Свернув из бумаги кулек, он ссыпал квадратики с блюдца.
- Спасибо.
- Мы не договорили, - сказал А'Веч, пригвоздив поднявшуюся Айями к стулу. - Хорошее ты письмецо написала и интересные выводы сделала. Поправится твоя дочь, тогда и продолжим разговор. Ступай, - разрешил с ноткой разочарования в голосе.
Ох, и отвратительное же чувство, когда со всех сторон погрязаешь во лжи. И правильно ли угощать девушек-коллег печеньем, которое подарили якобы больному ребенку? "Нужно помолиться вечером за здоровье дочки" - решила Айями, вернувшись на второй этаж. Чудные вещи творятся. Её не уволили, не наказали, а посочувствовали и предложили помощь. И даже пролитый кофе не ухудшил настроение господина подполковника. Тот не выгнал прочь, а захотел продолжить разговор, когда представится возможность.

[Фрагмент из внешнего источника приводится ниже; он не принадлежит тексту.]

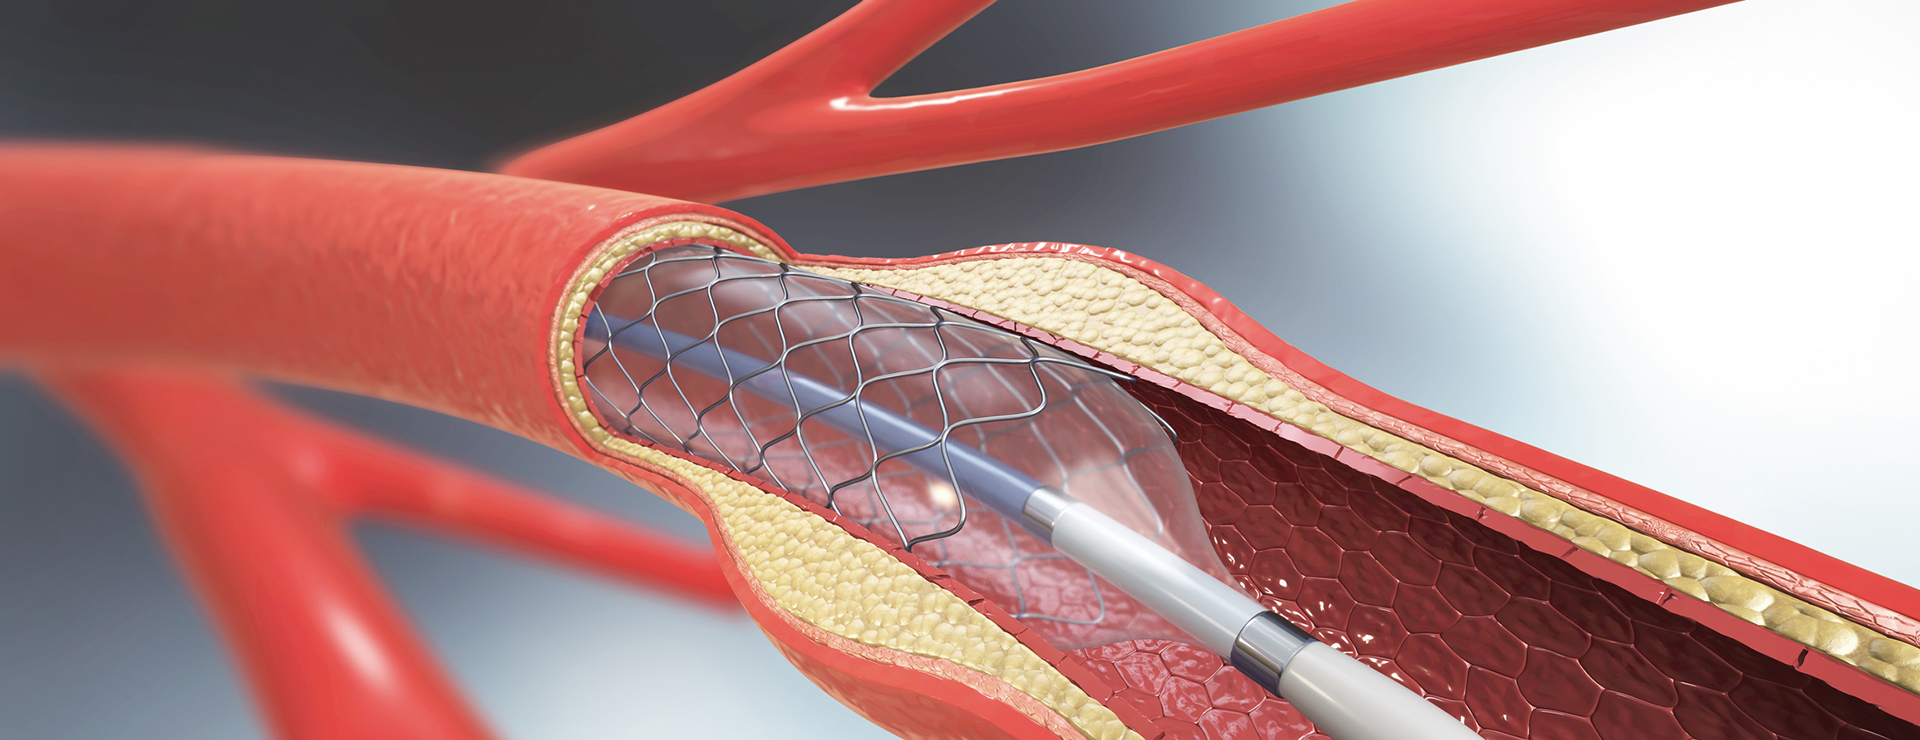 Case Study:  20-YEAR-OLD STENTS, TREATED AGAIN WITH ROTA-ANGIOPLASTY

- Слышали, что произошло? - спросила вполголоса Мариаль, когда Айями заняла свое место за столом. - После бурана даганны устроили облаву. Сначала в окрестностях, а позже - здесь, в городе.
- Да, я знаю, к нам приходили.
- Ко всем приходили, - поддержала Риарили. - Обошли весь город. Поймали тринадцать человек.
- Не может быть! - ахнула Айями.
- Многие прятались у жён и у родителей. Те, кто вовремя сообразил, пытались бежать, но даганны схватили.
- Они из Сопротивления?
- Господин Л'Имар сказал, что попались одиночки, которые после капитуляции разбрелись кто куда. Некоторые жили в городе больше двух месяцев.
- И соседи не заподозрили? - изумилась Айями.
- Наверняка догадывались. Или знали, но молчали.
- А ты знала?
- Я - нет, - ответила Риарили, почему-то смутившись.
- И я не догадывалась, - призналась Айями со вздохом.
Вот оно как получается. Вернулись мужья в город и скрываются по домам, чтобы не попасть в плен, а жены пашут на победителей, стараясь прокормить семьи. А некоторые женщины и в клуб ходили, чтобы заполучить работу.
- Ночью стреляли, - вспомнила Айями. - Кого-нибудь убили?
- Троих ранили. Один мужчина хотел уйти по речке, да провалился под лёд. Не выбрался. А женщин, у которых они прятались, арестовали.
И паренек, которого утром тащила Айями, тоже у кого-то хоронился, и его подстрелили, когда убегал. Чей он сын или брат? Определенно не местный, лицо незнакомое.
Работая, Айями прислушивалась к разговорам даганнов, воодушевленных результатами масштабной вылазки. Пусть облава не принесла ожидаемых плодов, зато произвела эффект разорвавшейся бомбы среди жителей.
- Пора думать о перепланировке в тюрьме. Мы не учли в проекте женские камеры, - заметил, посмеиваясь, один инженер.
- Я думал, амидарейки покорны и послушны, а они оказались революционерками, - ответил другой.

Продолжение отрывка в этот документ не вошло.